Use this file to discover all available pages before exploring further.

Data Preparation Configuration

DataPreparationConfig

The DataPreparationConfig class defines how raw data should be processed and tokenized for training.
input_path
str or readable object
required
Source location for raw data files or a readable object from which data can be accessed.
output_path
str or writable object
required
Destination location for processed data files or a writable object where processed data will be stored.
tokenization
str, TimeSeriesTokenizerConfig, or callable
required
Tokenization strategy based on data modality:
  • Text/string/code: String denoting a Hugging Face tokenizer name or path to a local tokenizer
  • Time series: An instance of TimeSeriesTokenizerConfig
  • Custom tokenization: A callable function that can map string → tensor of floats/integers (2D for patch-based)
max_sequence_length
int
default:"4096"
Maximum sequence length for tokenized data.

TimeSeriesTokenizerConfig

Configuration for time series-specific tokenization parameters.
type
str
required
Tokenization approach - "patch_based" (Chronos Bolt, TSFM, TiRex style) or "bin_quant_based" (Chronos style).
input_patch_size
int or None
default:"None"
Size of input patches. Required for patch-based tokenization.
output_patch_size
int or None
default:"None"
Size of output patches. Required for patch-based tokenization. Can differ from input patch size (e.g., TimesFM uses longer output patches than input).
patch_masking
bool or None
default:"False"
Enables patch masking strategy. Only applicable for patch-based tokenization. Helps models learn to predict well for context lengths that are multiples of input patch length (see TimesFM paper).
number_of_bins
int or None
default:"4096"
Number of quantization bins. Required for bin quantization-based tokenization.
normalization_method
str or callable
default:"z-norm"
Normalization strategy. Accepts custom function that maps a list of numbers to a list of numbers.
normalization_mean
float or None
default:"None"
Mean value for normalization. Should remain None for custom normalization methods. For z-norm, computes mean over first patch (patch-based tokenization, following TimesFM) or entire series (bin quantization, following Chronos).
normalization_std
float or None
default:"None"
Standard deviation for normalization. Computes series-wise standard deviation based on first patch (patch-based) or entire series (bin quantization).
The system automatically handles padding, missing values, and end-of-sequence tokens.

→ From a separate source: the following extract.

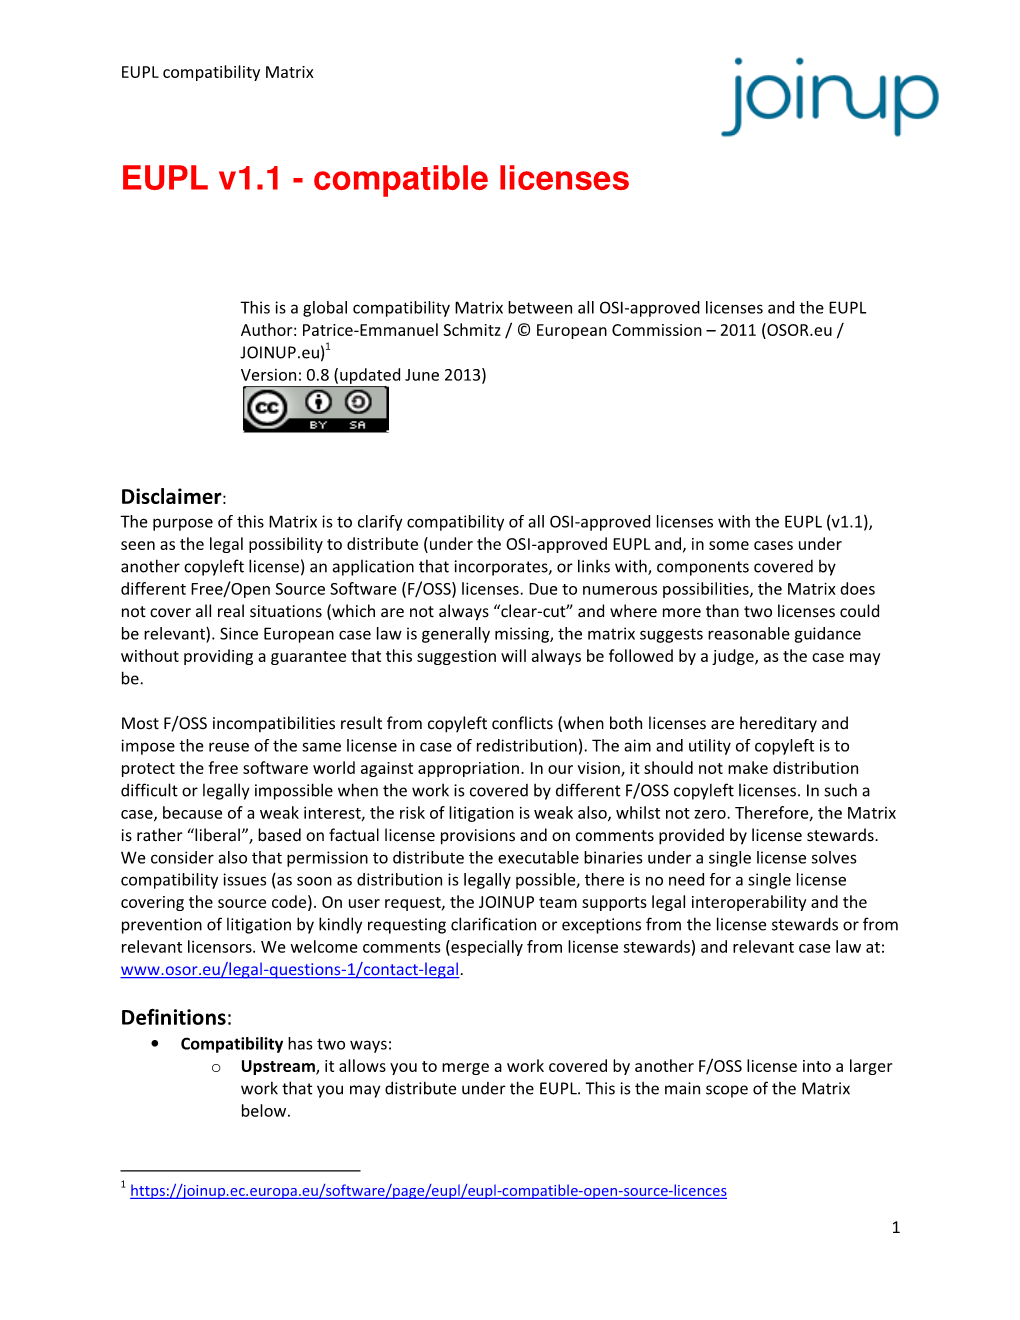 EUPL V1.1 - Compatible Licenses

Supported Data Formats and Modalities

  • Text/Code: JSONL files containing a list of dictionaries, each with a text key
  • Time Series: AutoGluonTS compatible formats (format specification coming soon)

Example Usage

from pynolano import DataPreparationConfig

def build() -> DataPreparationConfig:
    return DataPreparationConfig(
        input_path="./text_data.jsonl",
        output_path="./prepared_text",
        tokenization="Qwen/Qwen3-4B",
        max_sequence_length=2048
    )